Representation of the genetic code (as drawn by E.N. Trifonov in https://is.muni.cz/el/1431/jaro2011/Bi8960/), with indication (numbers at the left-hand side of codons) of the tetramer redundancy index for each codon of each amino acid synonymy class: This index is obtained by counting the number of times for which the class of synonymy of a codon XYZ is conserved by considering a new codon obtained either by adding a nucleotide on the left- or on the right-hand side of the codon XYZ

Discussion and Conclusion

Homopolymer codons have very high coding redundancies. Hence, selection for non-redundant codons would have biased against these codons before the evolution of complex biomolecular machineries where homopolymers cause polymerase and ribosomal frameshifts in modern protein-coding genes.

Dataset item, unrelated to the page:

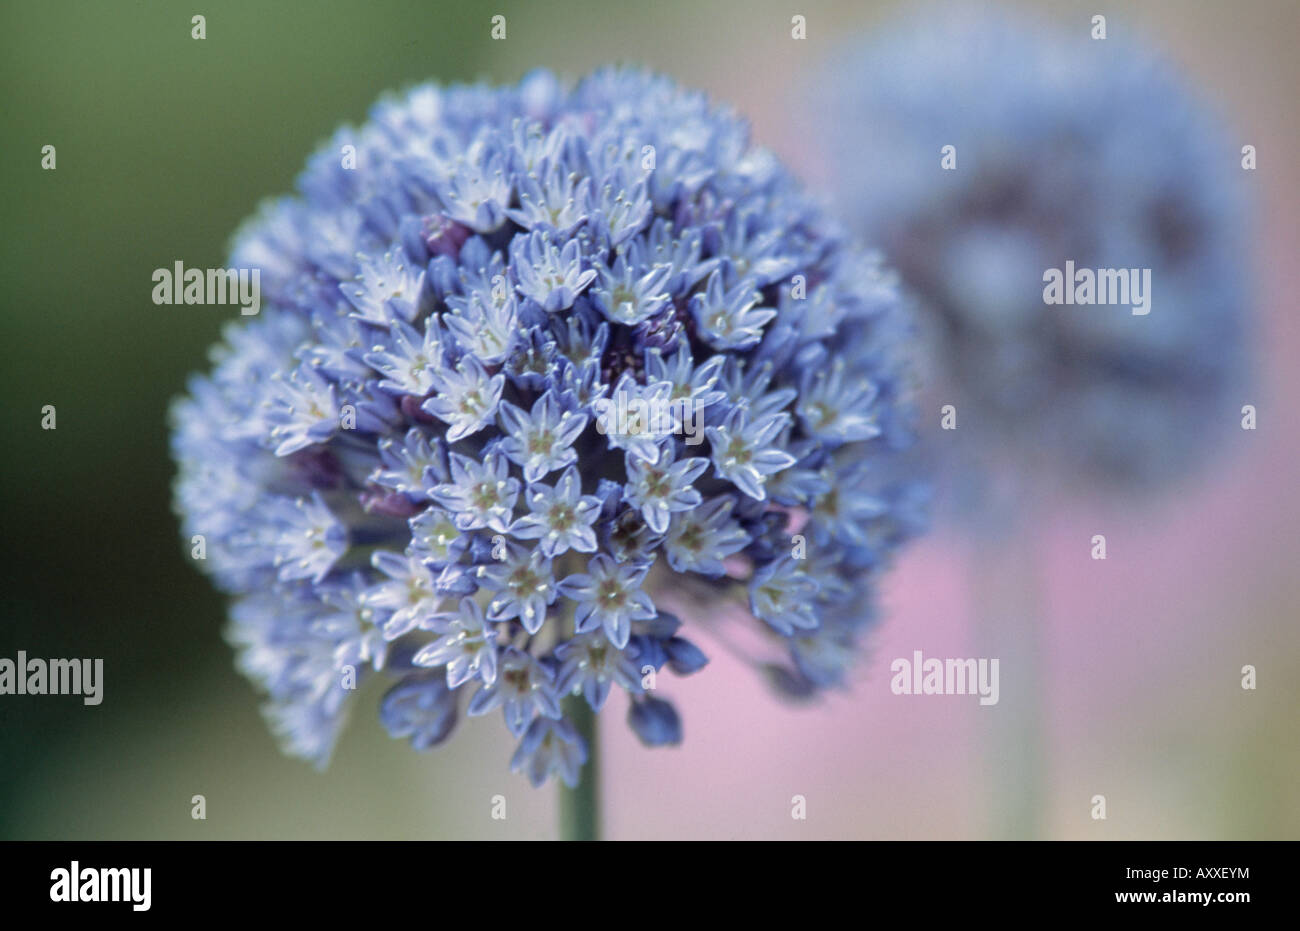 Allium, Allium caeruleum, Blue, Allium, caeruleum Stock Photo

The analysis of redundant and non-redundant amino acid coding in pentamers shows biases for non-redundancy in codons belonging to the reading frame circular code X0. Hence, prebiotic selection for maximal coding diversity would have contributed to the origin of the near-universal circular code X0. Biases regarding X1 and X2, the circular codes detecting the two noncoding frames of protein-coding genes, are much weaker and usually not statistically significant. This could suggest transitions from X1 and/or X2 to X0, which could also explain associations between genetic code and codon structures (Seligmann and Warthi 2017).

Non-redundant coding did not only constrain the general pool of codons, but also the detail of the codons belonging to X0. RFR, the capacity of specific codons belonging to X0 for reading frame retrieval, is inversely proportional to that codon’s non-redundancy in pentamers, in all genetic codes and, in particular, in alternative nuclear and mitochondrial genetic codes specific to yeasts. This suggests an optimization between reading frame retrieval and the capacity for overlap coding for relatively conserved protein variants, especially in yeasts.

Moreover, biases occur for the X1 circular code in some mitochondrial genetic codes. This is in line with previous observations that presumed early theoretical minimal RNA rings, 22-nucleotide-long RNAs designed for non-redundant overlap coding, are biased toward X1, and biases toward X0 increase for presumed more recent RNA rings. We suggest that non-self-complementary circular codes such as X1 are favored in single-stranded RNA and that the self-complementary X0 evolved upon transition to double-stranded RNA (or DNA). Mitochondrial genomes are among the rare exceptions to Chargaff’s rule (same-strand A/T and C/G ratios close to 1) (Nikolaou and Almirantis 2006; Fimmel et al 2019), probably because of their mainly strand-asymmetric, unidirectional replication mode (Xia 2012), hence reproducing or conserving prebiotic conditions that presumably favored non-self-complementary circular codes. Results indicate that circular codes evolved from selection for non-redundant overlap coding in short nucleotide sequences.